2. Weakened interannual variation of the ~5.4 ka coral d13C might be related to weakened interannual changes of atmosphere and seawater CO2 concentration, SSS, and nutrient level. By contrast, intensified interannual variation of the ~4.4 ka coral d13C might be induced by intensified interannual changes of atmosphere and seawater CO2 concentration, SSS indicating seawater components related to terrestrial runoff and rainfall, and nutrient level at ~4.4 ka BP. 3. A long-term increasing trend in the ~5.4 ka coral d13C was attributed to increasing atmospheric and seawater d13C due to a long-term natural decrease in atmospheric CO2 concentration driven by orbitally forced summer insolation inducing ice volume increase, and increasing SSS and nutrient level. However, a long-term decreasing trend in the ~4.4 ka coral d13C might be caused by decreasing atmospheric and seawater d13C due to unusual increasing atmospheric CO2 concentration, and decreasing SSS and nutrient level.
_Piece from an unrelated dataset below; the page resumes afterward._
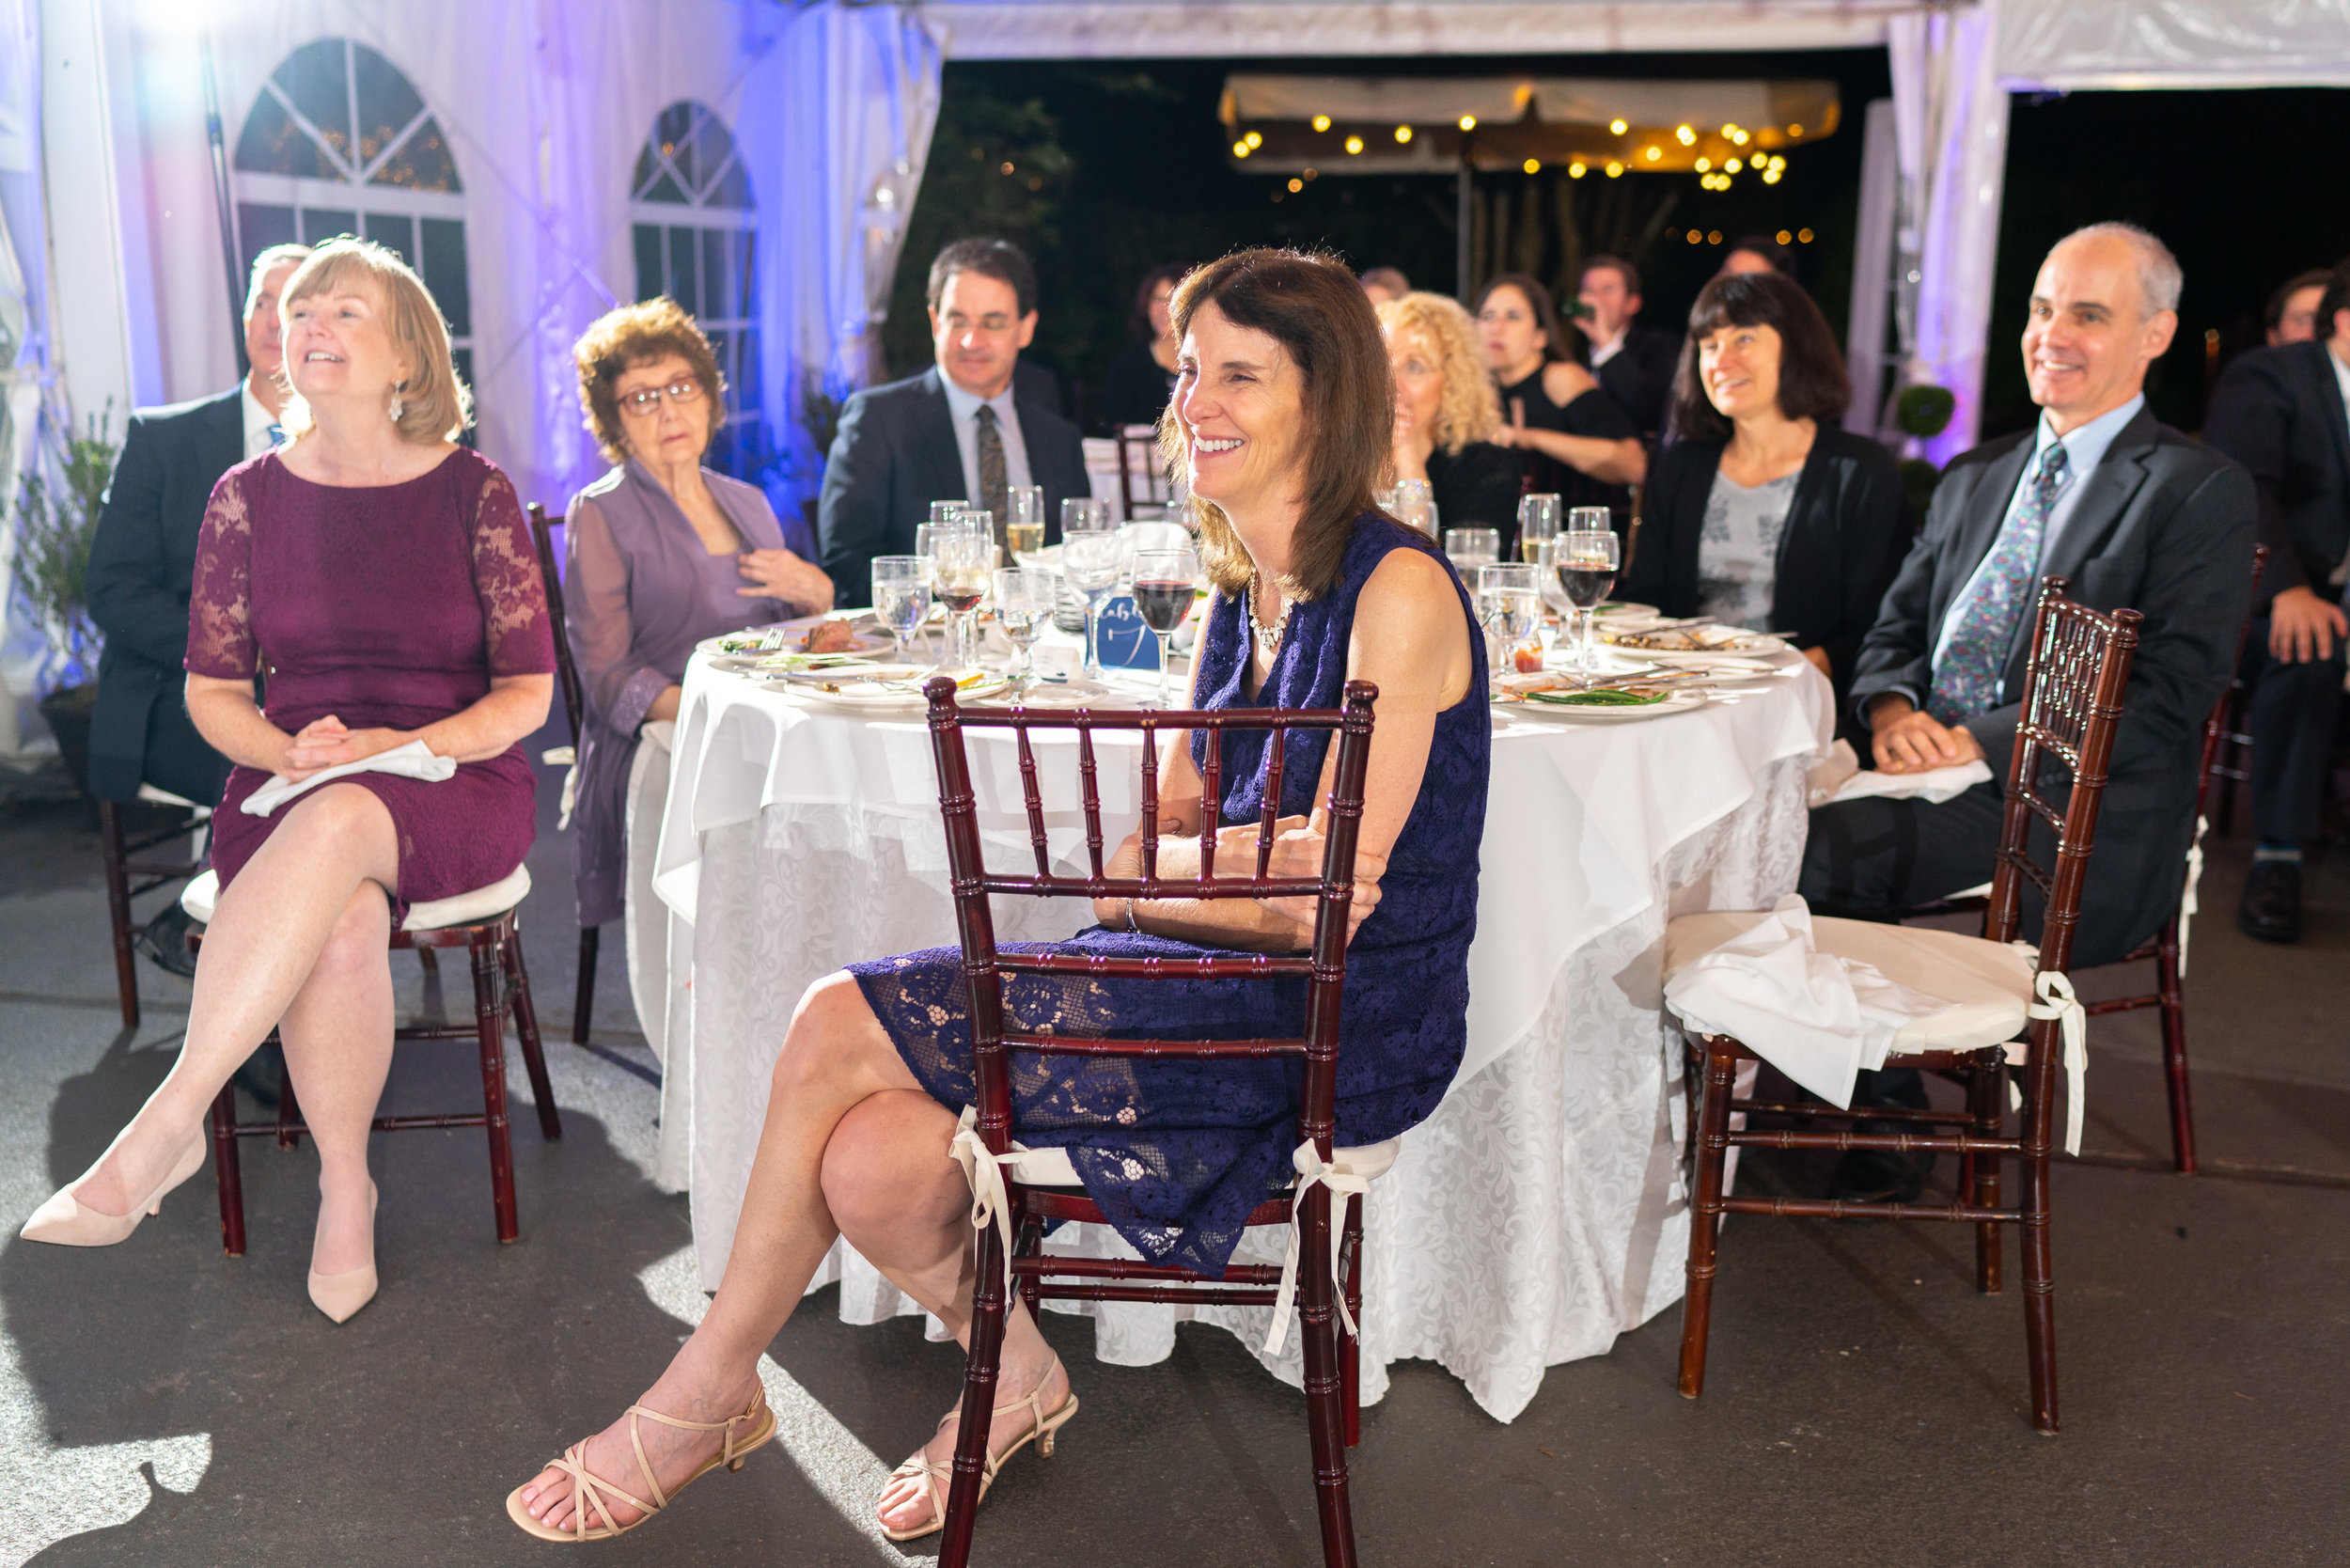 Parents listening to the toasts at wedding reception at Elkridge Furnace Inn

Acknowledgments We cordially thank Norm Catto, Editor-in-Chief of Quaternary International, for earnestly taking charge of the manuscript review process; reviewers, for strictly and fairly commenting on our manuscript and making many useful suggestions. Financial support for this research was provided by the National Science Foundation of China (Grant 41176051, 41272045, 40876025 and 40625009).

Appendix A. Supplementary data Supplementary data related to this article can be found at http:// dx.doi.org/10.1016/j.quaint.2014.08.030.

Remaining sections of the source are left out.